Task to complete:
The response should repeat word for word every line below from the one with "Марио Адрион загварлаг" to the one with "Zaterdag 9 maart", inclusive, and nothing else; leave pictures out.

Data supplied:
►

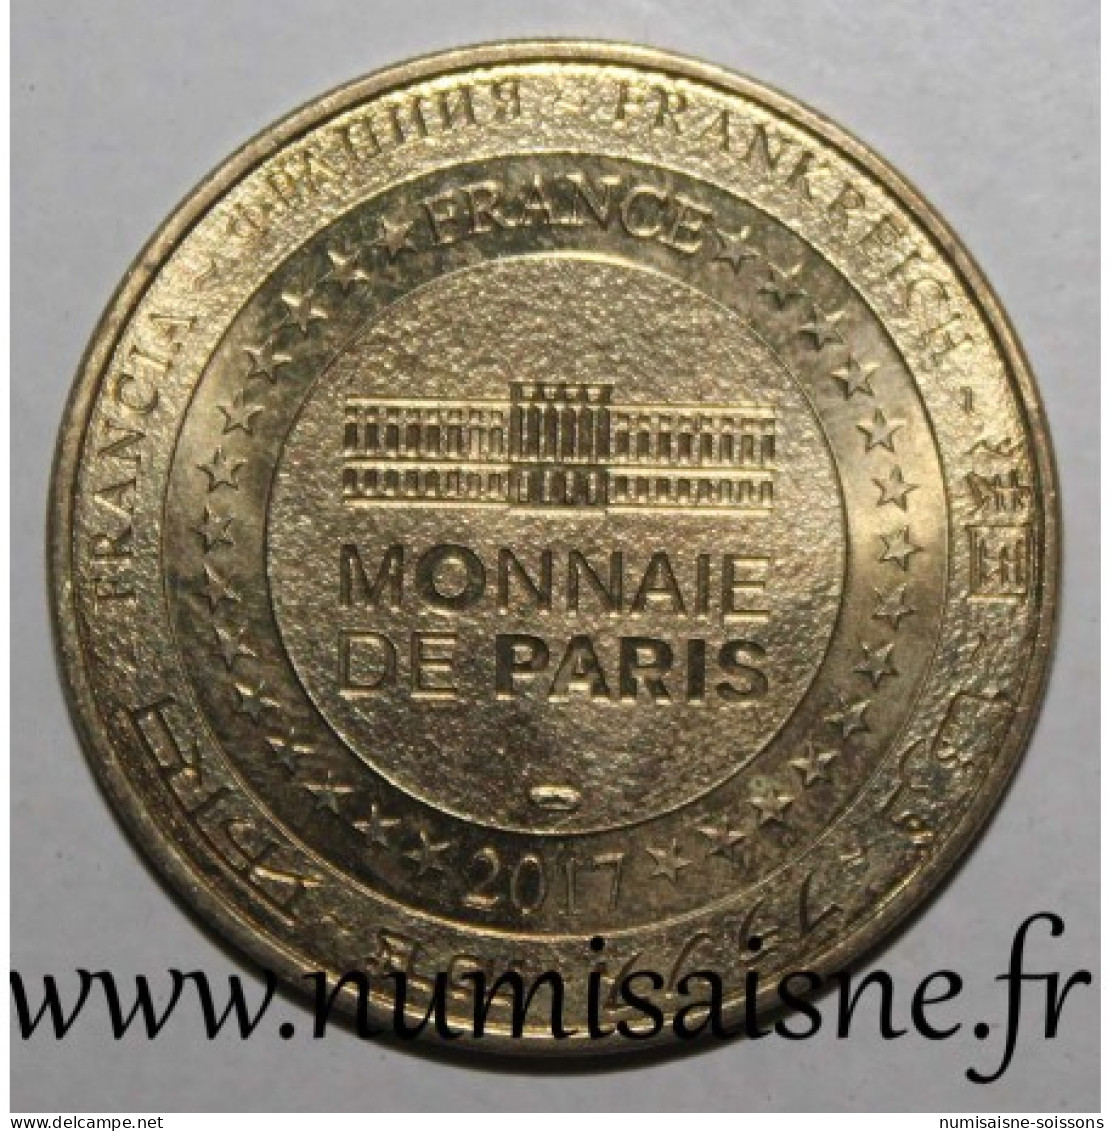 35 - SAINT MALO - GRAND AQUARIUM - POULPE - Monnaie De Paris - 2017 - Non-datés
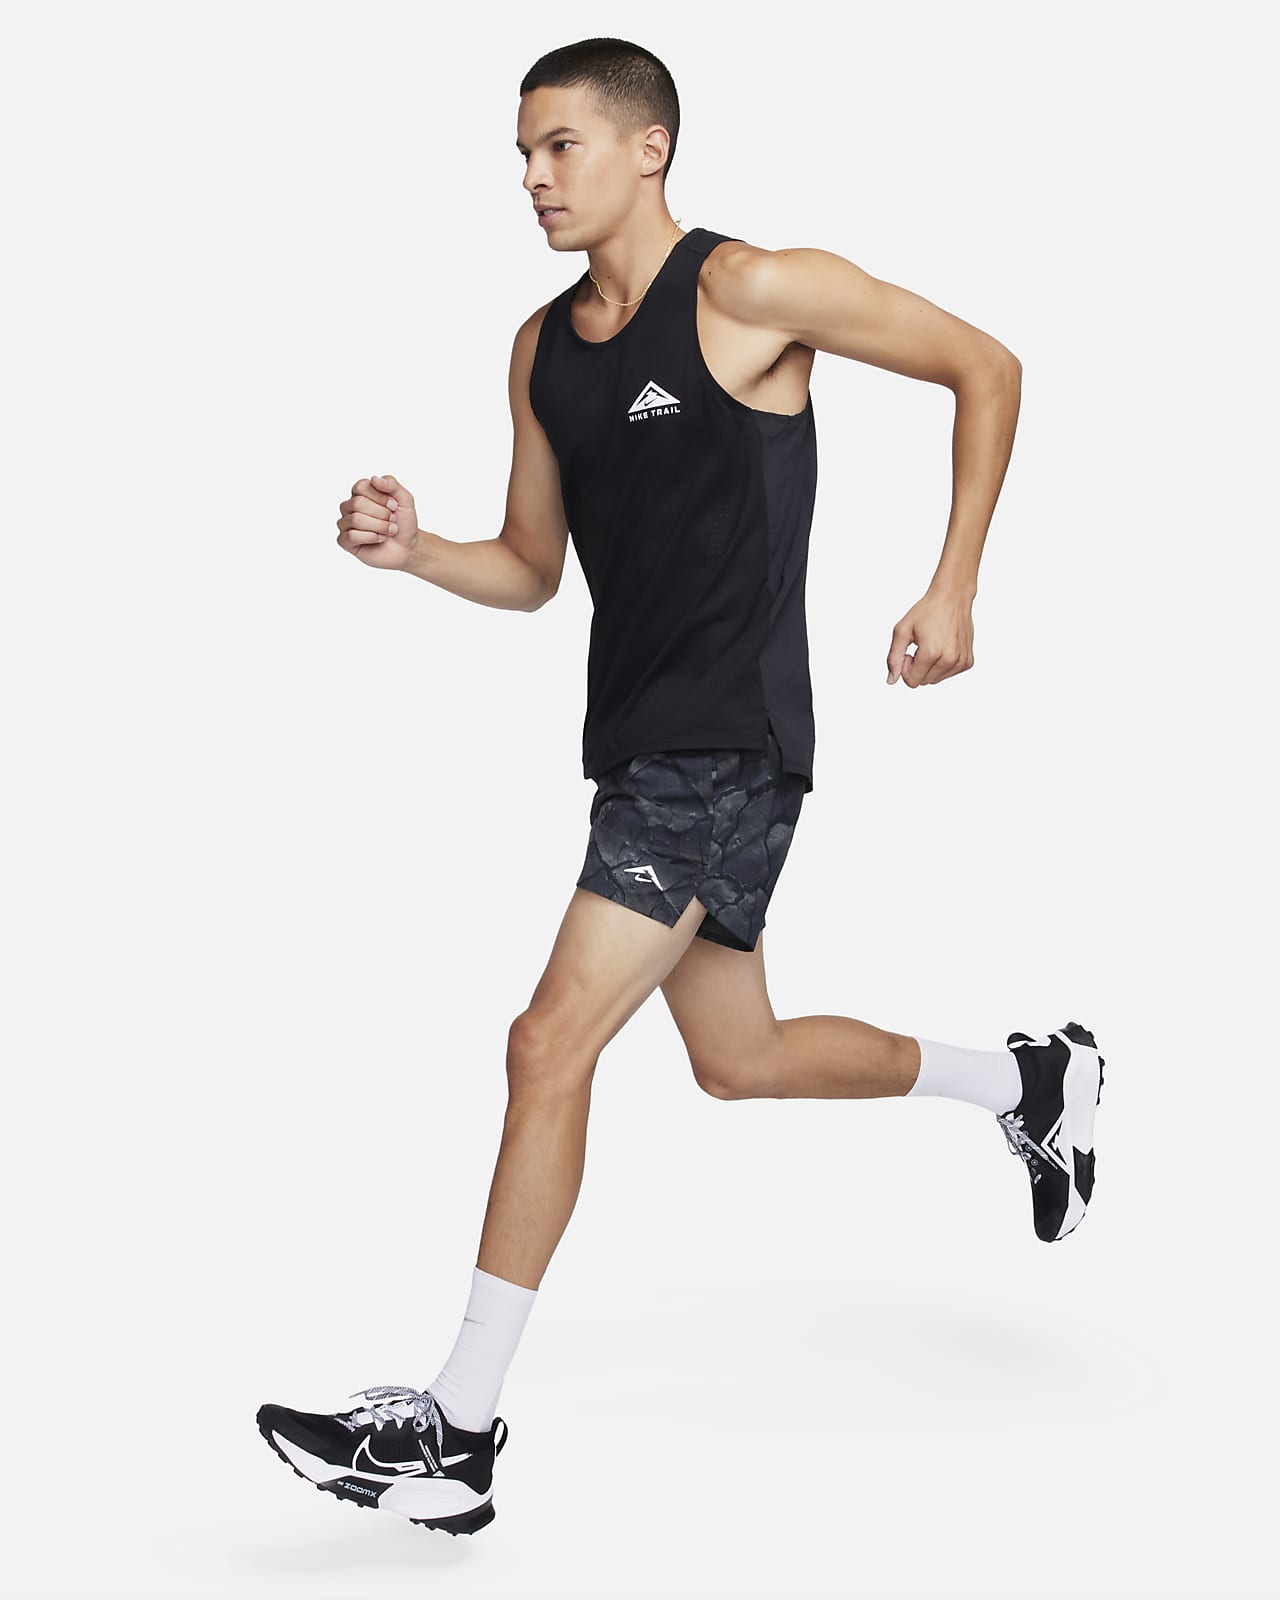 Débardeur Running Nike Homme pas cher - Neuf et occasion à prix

◄
►

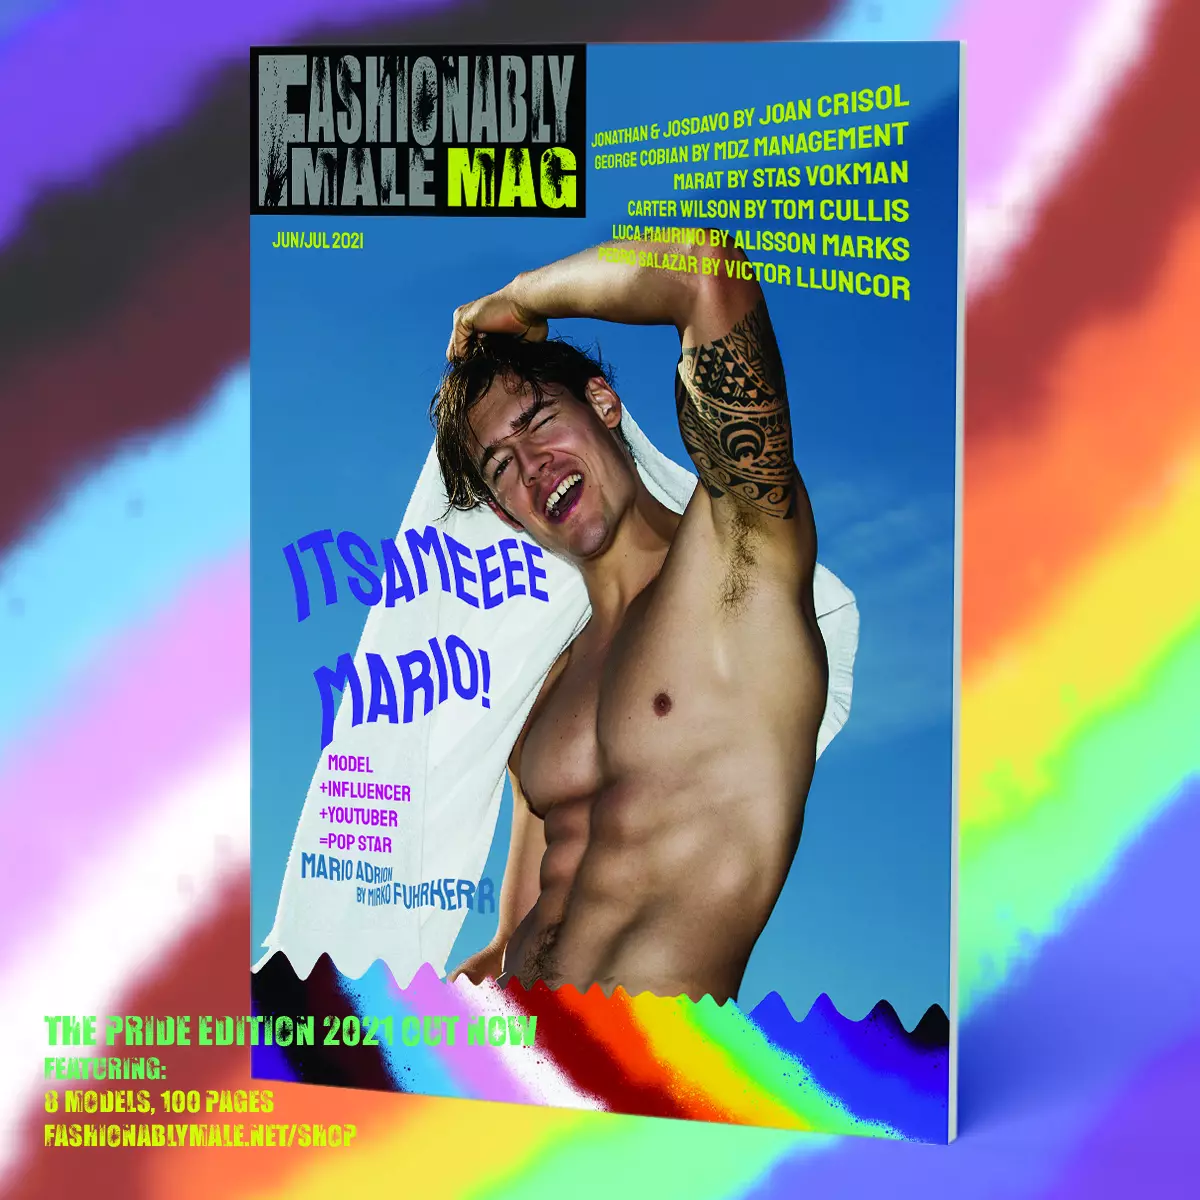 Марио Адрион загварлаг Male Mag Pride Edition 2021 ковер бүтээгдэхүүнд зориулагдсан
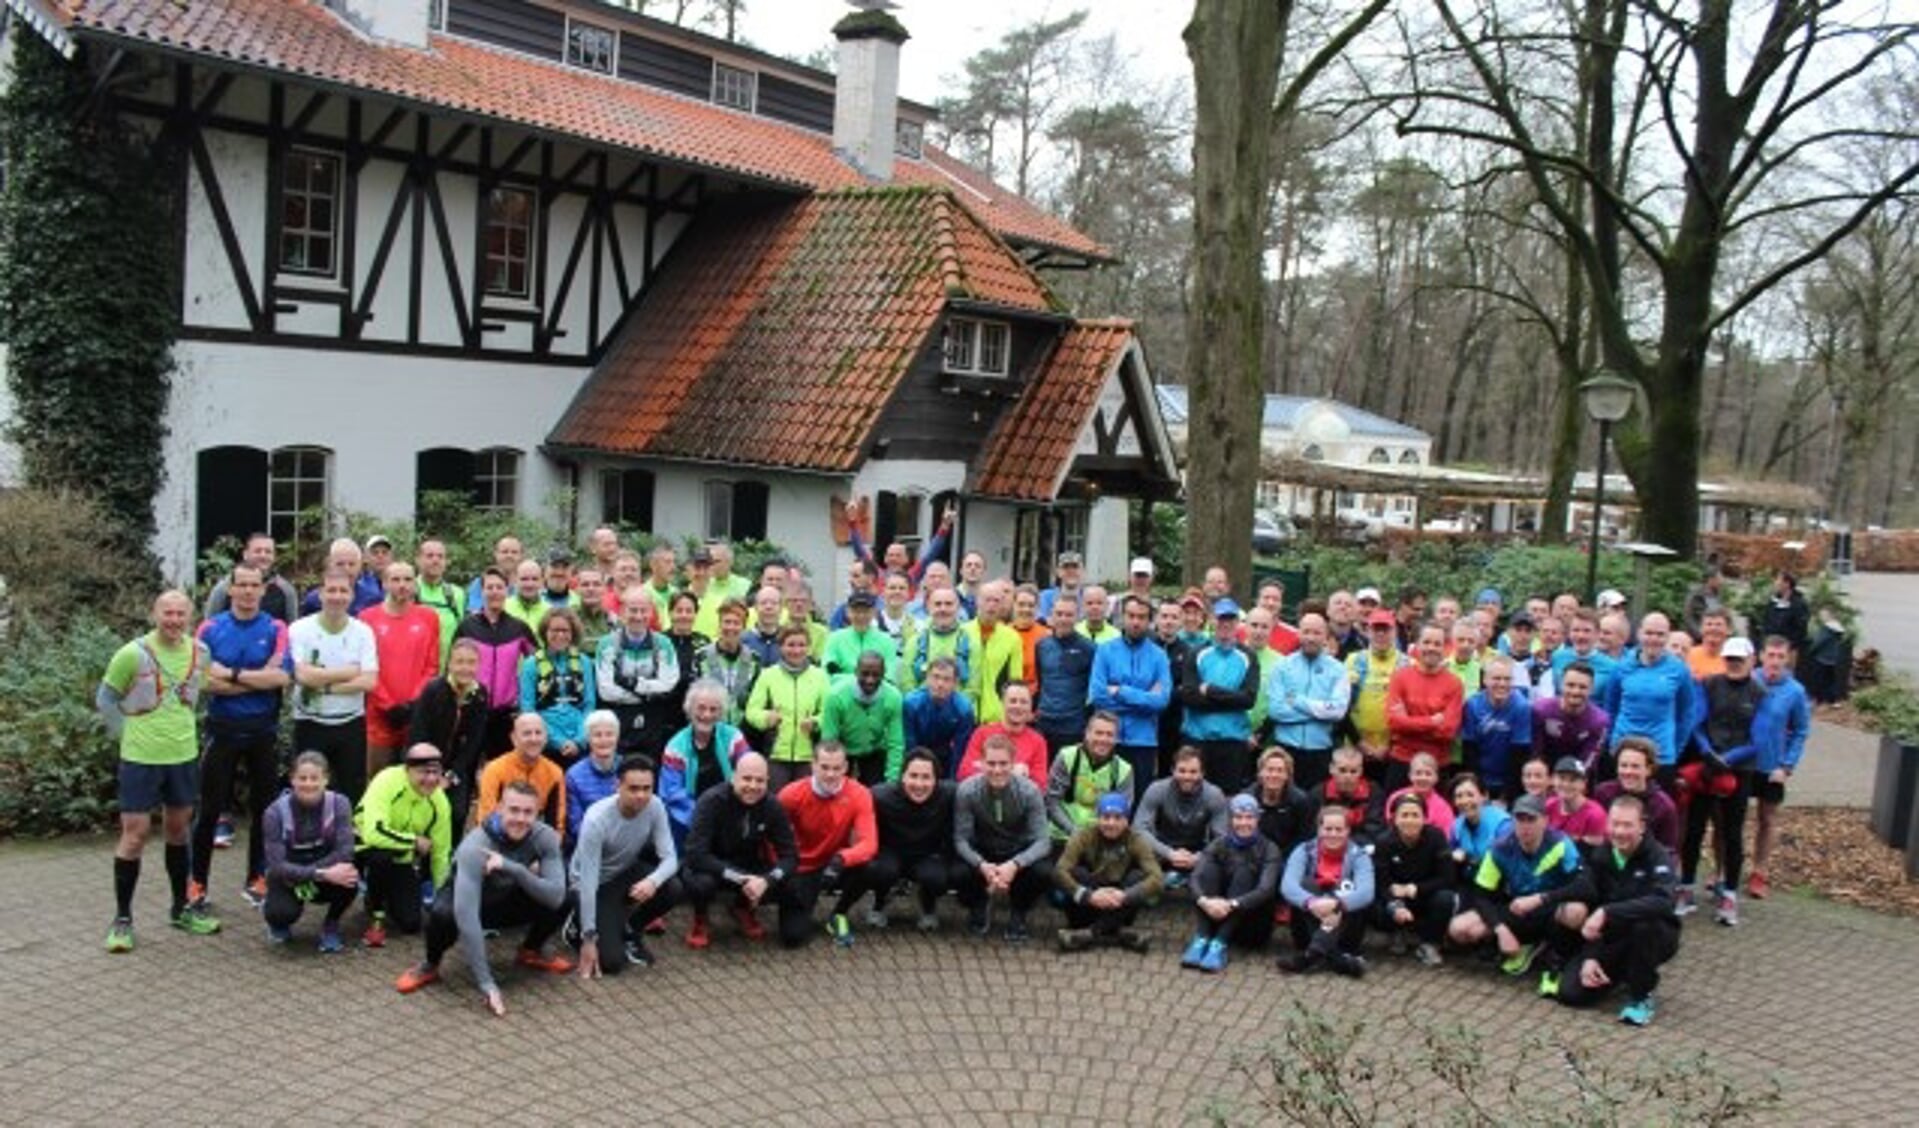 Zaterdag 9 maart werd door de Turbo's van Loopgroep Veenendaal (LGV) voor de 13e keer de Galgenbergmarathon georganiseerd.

◄

Response:
 Марио Адрион загварлаг Male Mag Pride Edition 2021 ковер бүтээгдэхүүнд зориулагдсан
 Zaterdag 9 maart werd door de Turbo's van Loopgroep Veenendaal (LGV) voor de 13e keer de Galgenbergmarathon georganiseerd.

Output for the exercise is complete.